The pharmaceutical industry is increasingly overwhelmed by large-volume-data. This is generated both internally as a side-effect of screening tests and combinatorial chemistry, as well as externally from sources such as the human genome project. On the other hand the industry is predominantly knowledge-driven. For instance, knowledge is required within computational chemistry for pharmacophore identification, as well as for determining biological function using sequence analysis.

From a computer science point of view, the knowledge requirements within the industry give higher emphasis to ``knowing that'' (declarative or descriptive knowledge) rather than ``knowing how'' (procedural or prescriptive knowledge). Mathematical logic has always been the preferred representation for declarative knowledge and thus knowledge discovery techniques are required which generate logical formulae from data. Inductive Logic Programming (ILP) [8,1] provides such an approach.

ILP algorithms take examples E of a concept (such as a protein family) together with background knowledge B (such as a definition of molecular dynamics) and construct a hypothesis H which explains E in terms of B. For example, in protein fold domains, E might consist of descriptions of molecules separated into positive and negative examples of a particular fold (overall protein shape). This is exemplified in the diagram below for the fold ``4-helical-up-and-down-bundle''.

Positive and negative examples of a ``4-helical-up-and-down-bundle''.
Positive	Negative

A possible hypothesis H describing this class of proteins is:

fold('Four-helical up-and-down bundle',P) :- 
     helix(P,H1), 
     length(H1,hi), 
     position(P,H1,Pos), 
     interval(1 =< Pos =< 3), 
     adjacent(P,H1,H2), 
     helix(P,H2).

The hypothesis is a definite clause consisting of a head (fold(..,..)) and a body (the conjunction length(..), .. helix(..)). In this case ``fold'' is the predicate involved in the examples and hypothesis, while ``length'', ``position'', etc. are defined by the background knowledge. A logic program is simply a set of such definite clauses. Each of E, B and H are logic programs.

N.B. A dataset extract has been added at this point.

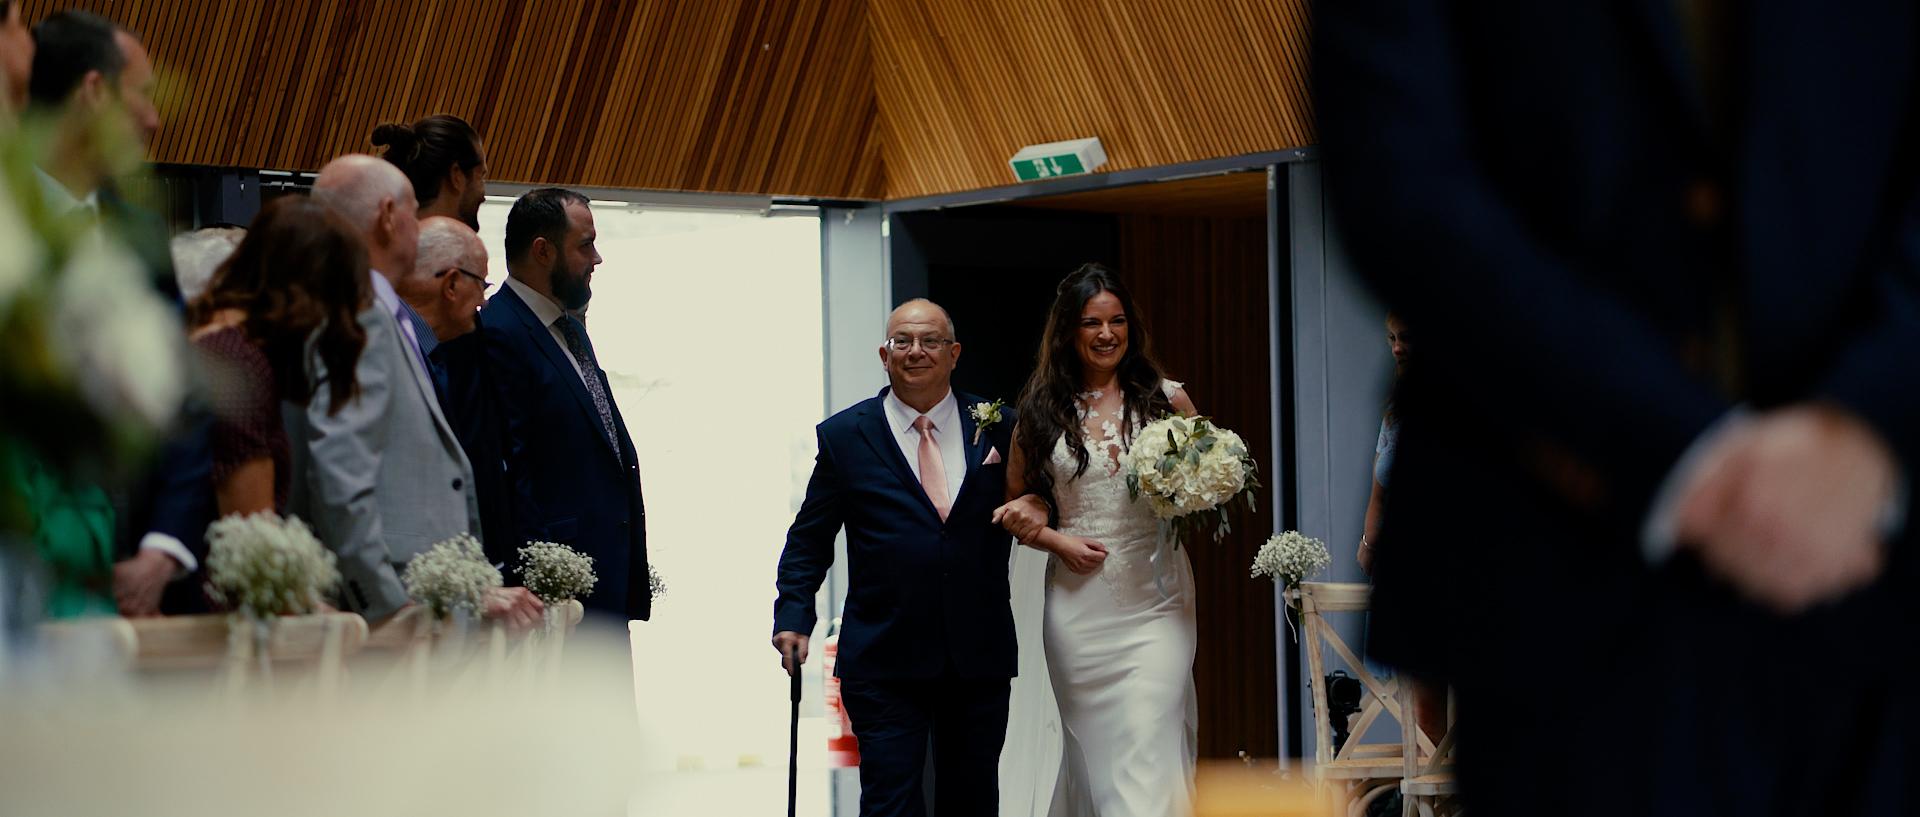 Ian-Kate-Brockholes-wedding-1

In the context of knowledge discovery a distinct advantage of ILP over black box techniques, such as neural networks, is that a hypotheses such as that shown above can, in a straightforward manner, be automatically translated into the following piece of English text.

The protein P has fold class ``Four-helical up-and-down bundle'' if it contains a long helix H1 at a secondary structure position between 1 and 3, and H1 is followed by a second helix H2.

Such explicit hypotheses can be used within the familiar human scientific discovery cycle of debate, criticism and refutation.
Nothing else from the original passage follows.